GIVEN INFORMATION:
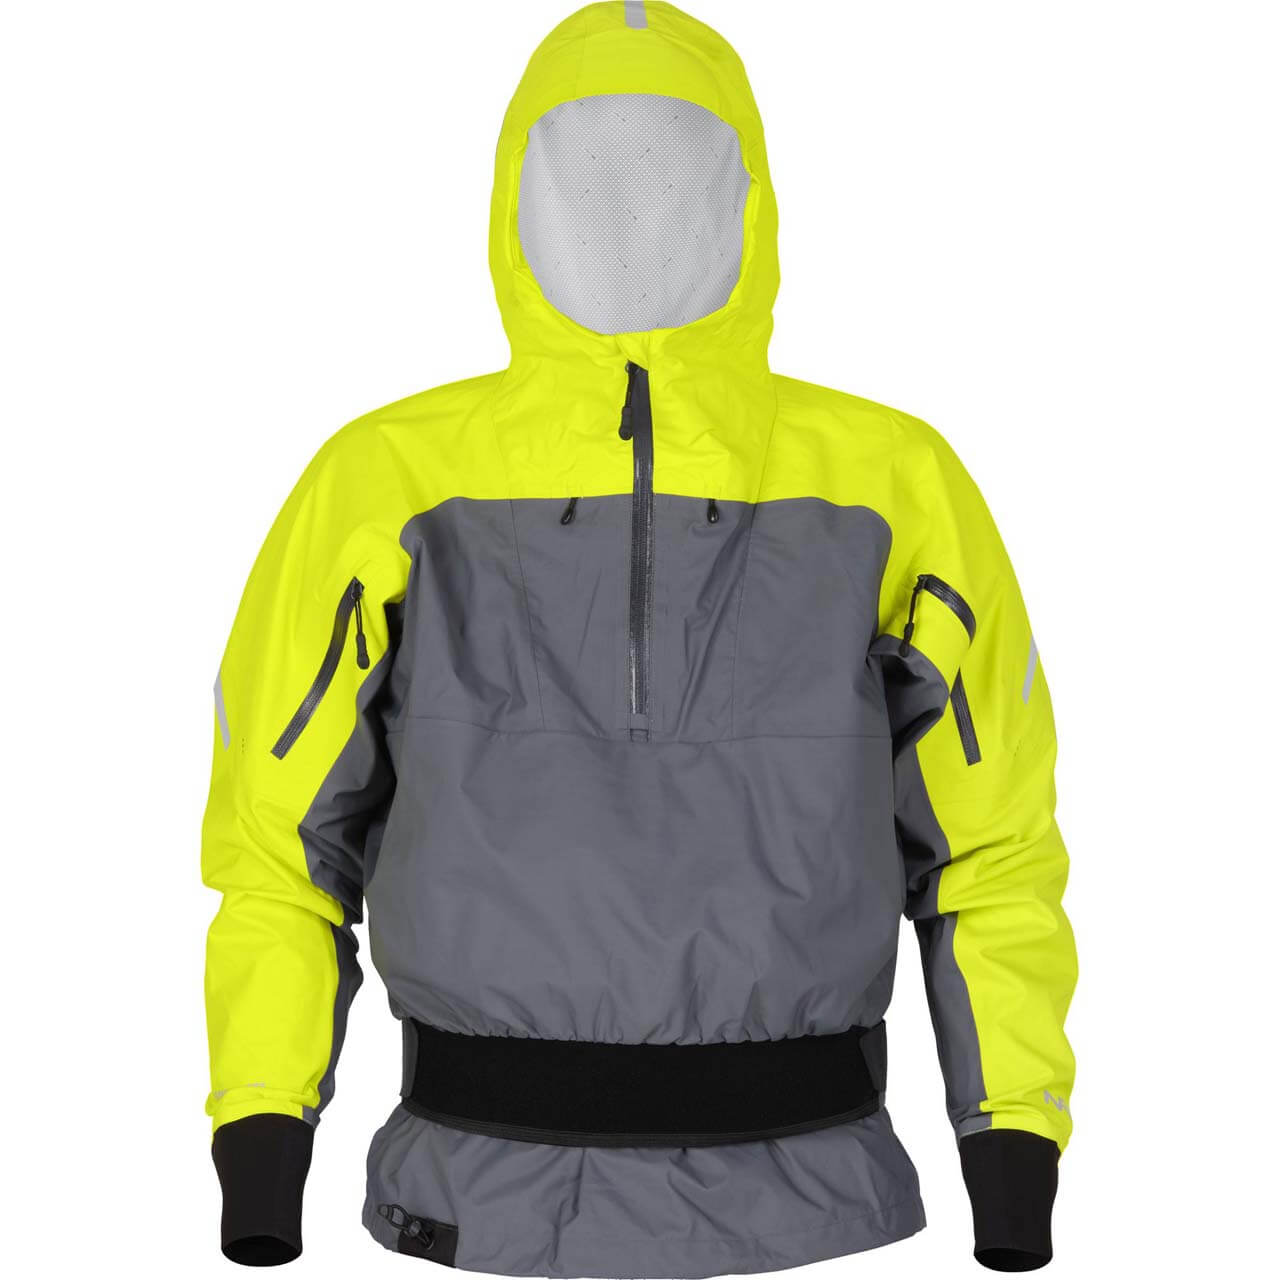 NRS Riptide Touring Paddeljacke - Chartreuse/Gray, S von NRS
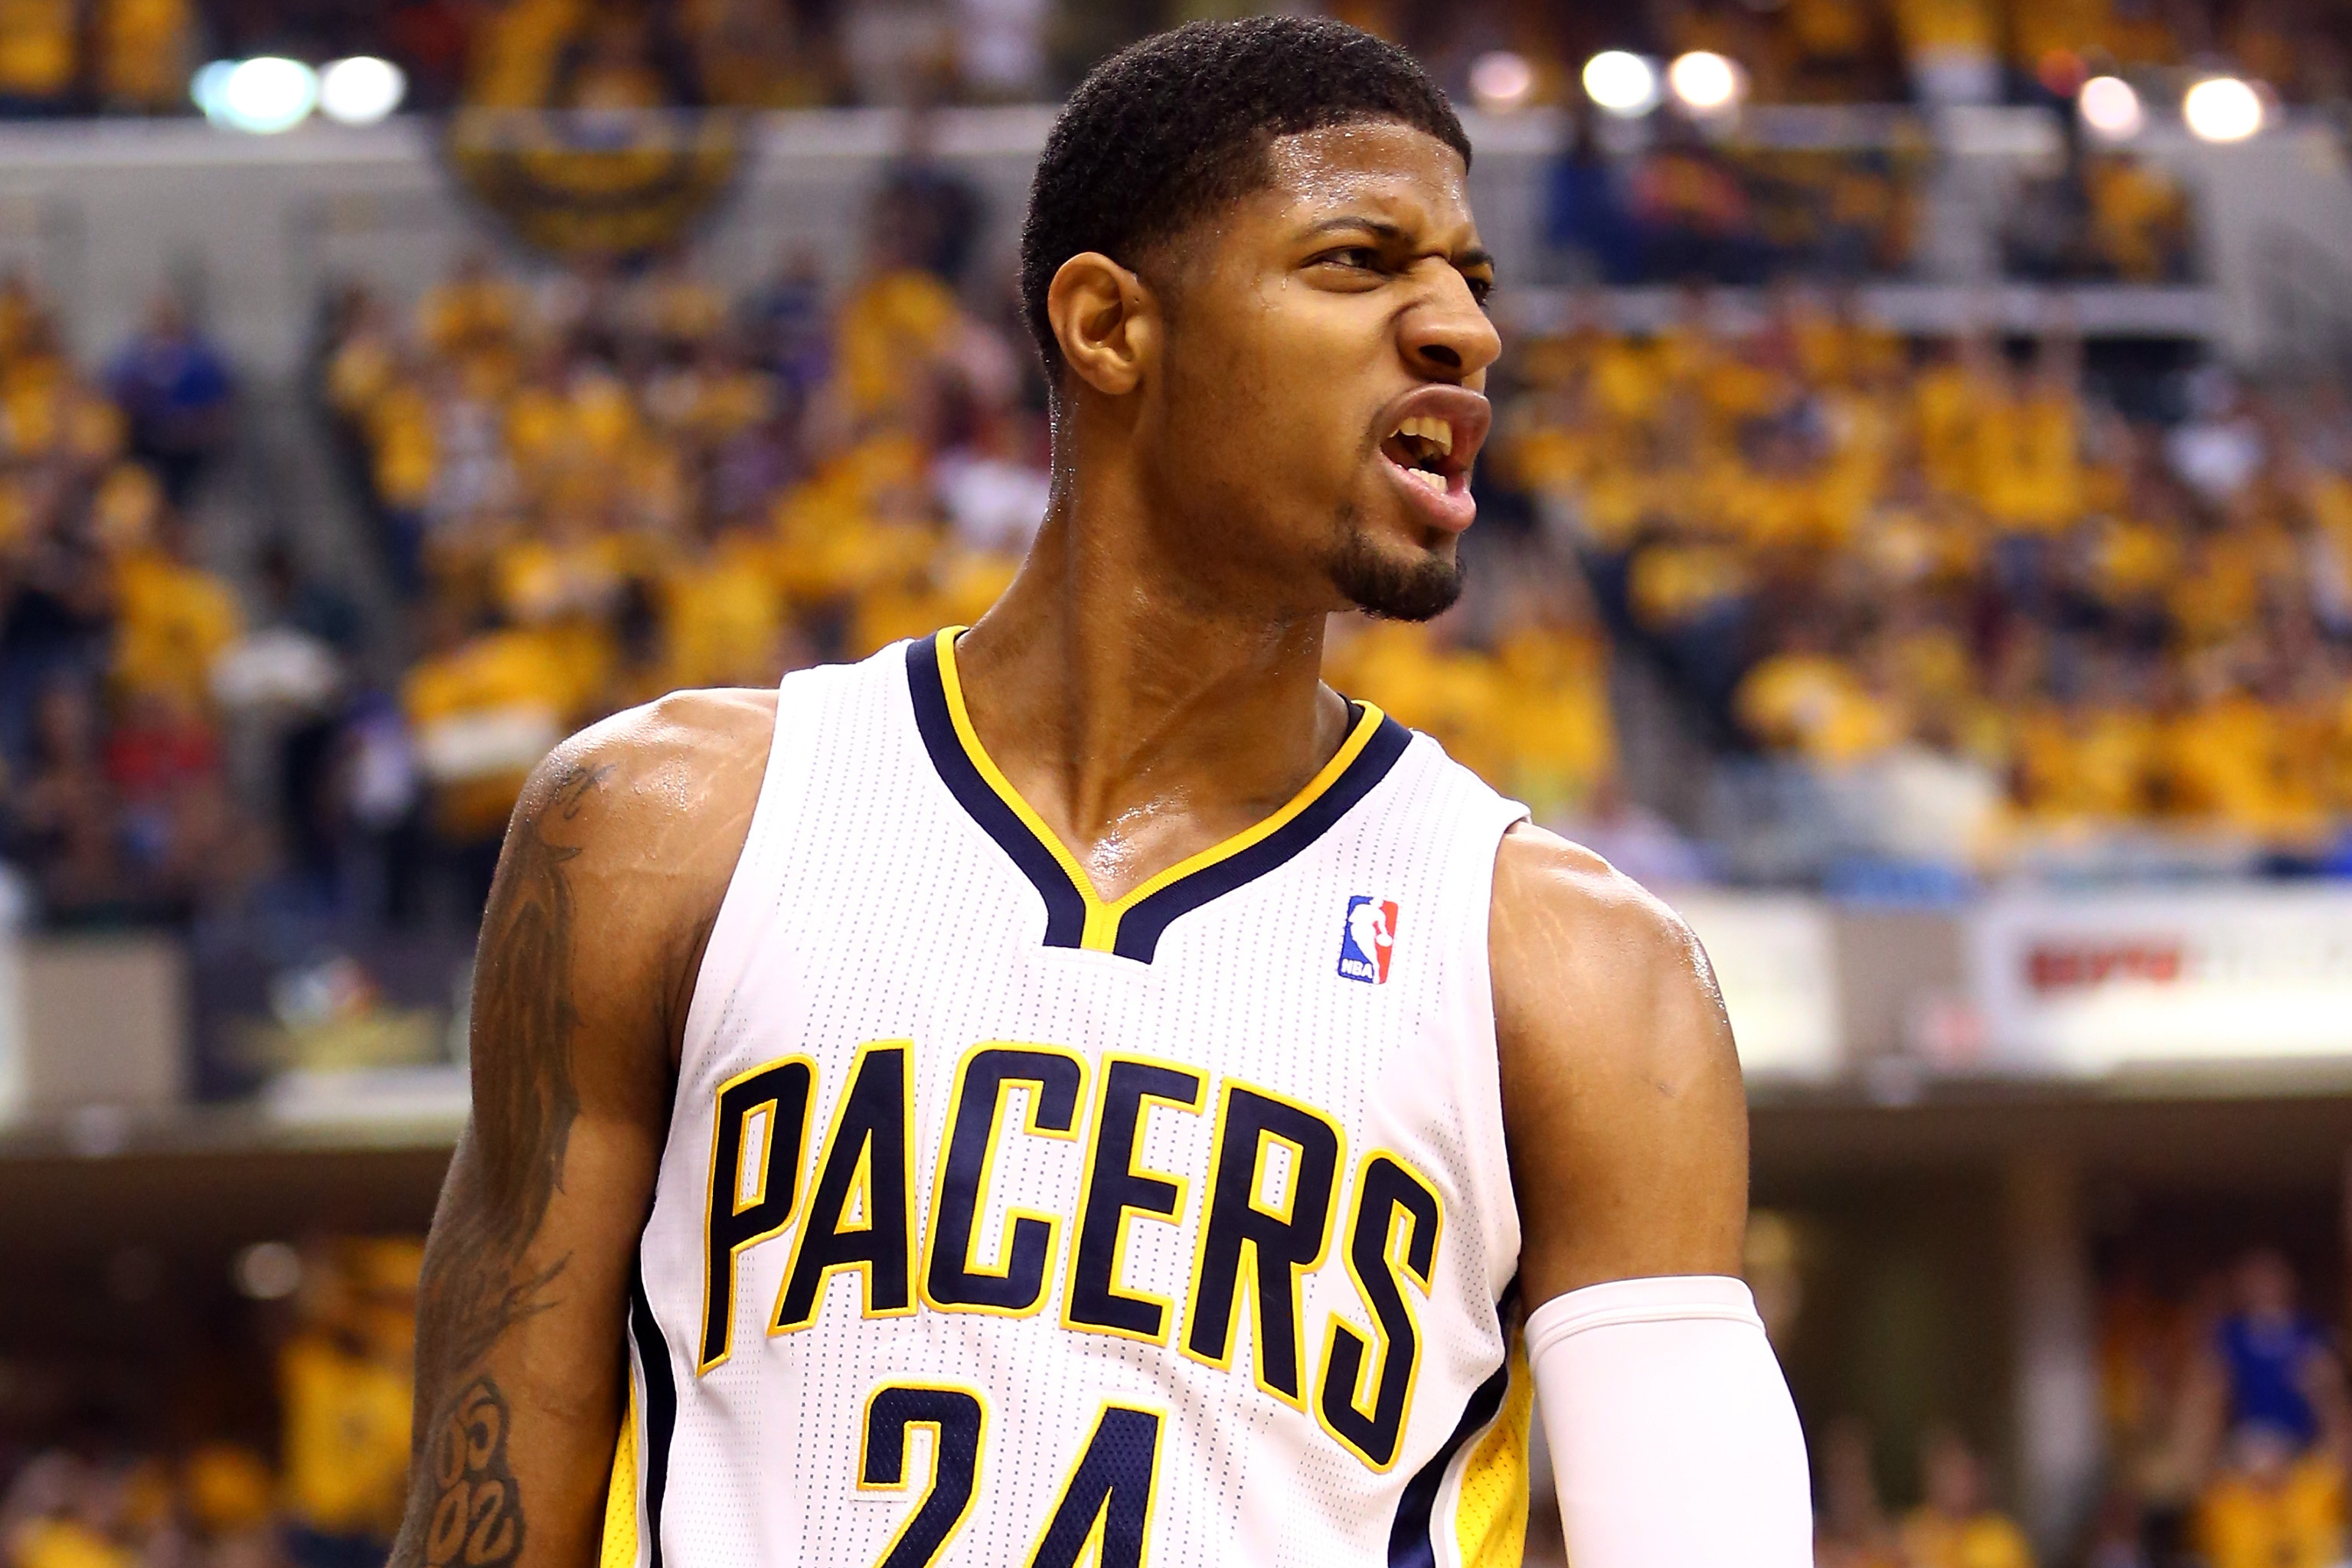 Report: Pacers' Paul George to receive $7 million for All-NBA Team  selection - Sports Illustrated
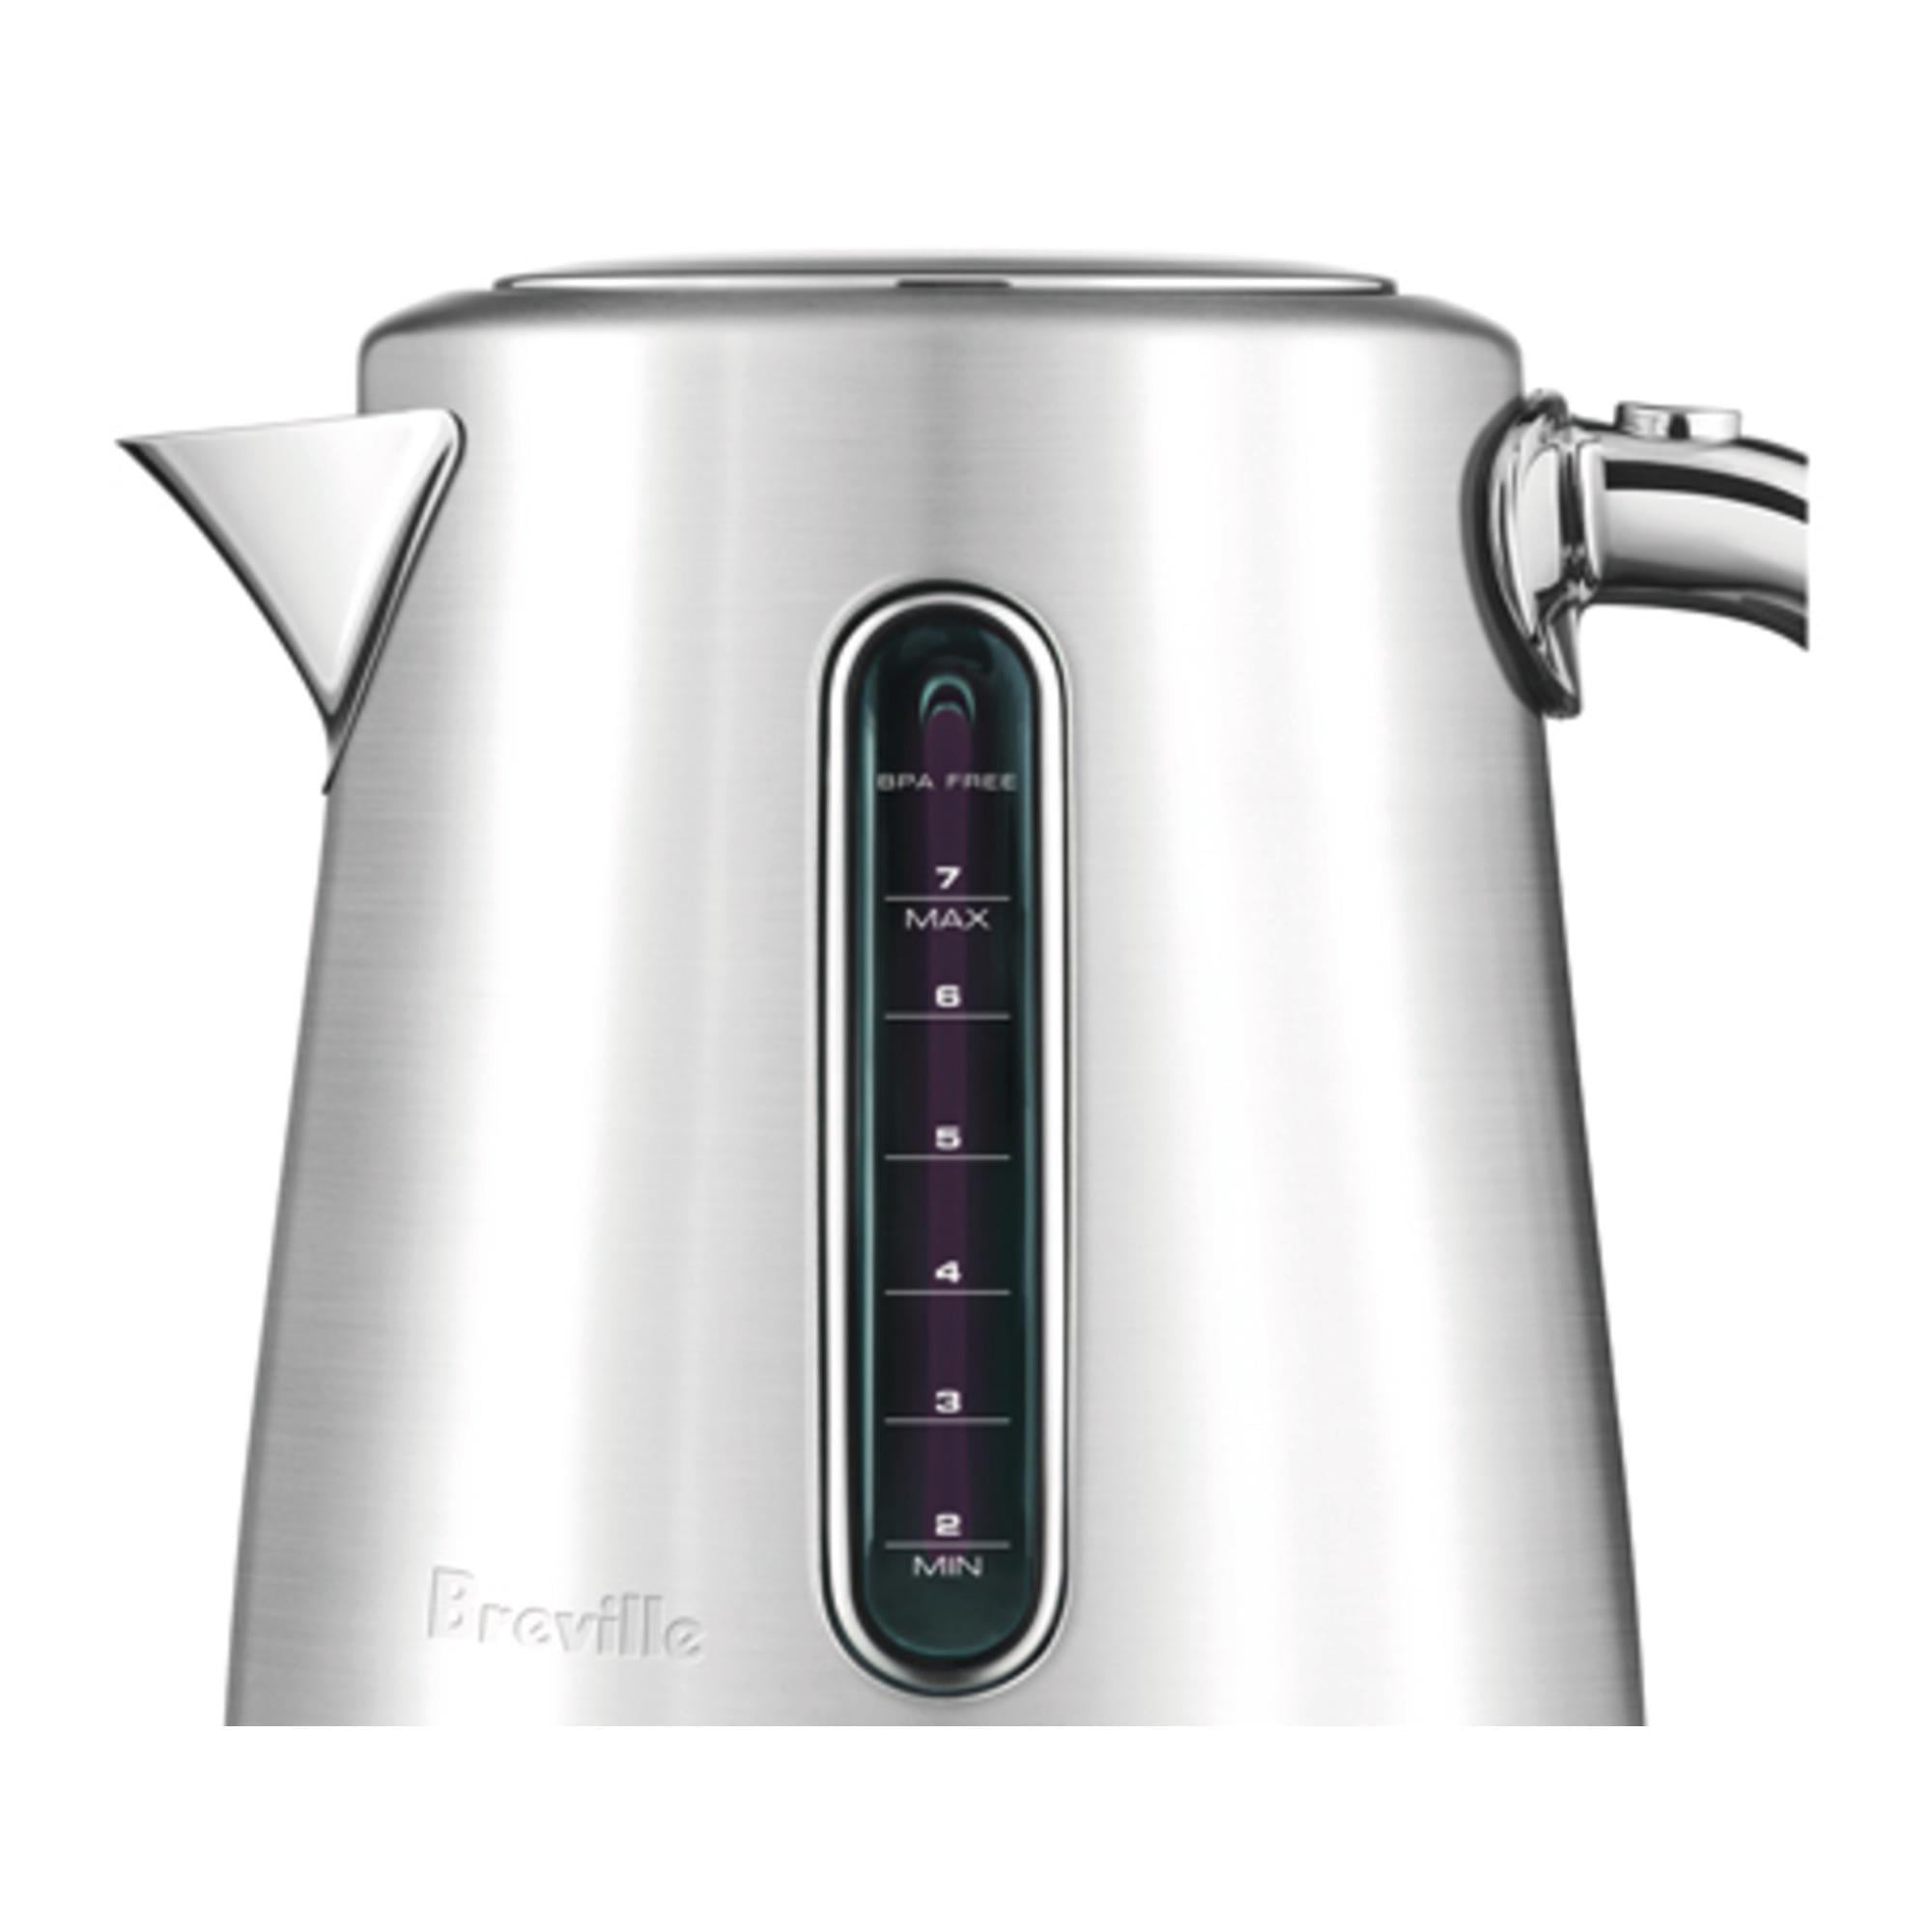 the Smart Kettle™ Luxe

EXERCISE:
No pictures should appear in the copy. Reproduce exactly the lines from the line containing "Report: Pacers' Paul" through the last line of the data, inclusive.

EXERCISE OUTPUT:
 Report: Pacers' Paul George to receive $7 million for All-NBA Team  selection - Sports Illustrated
 the Smart Kettle™ Luxe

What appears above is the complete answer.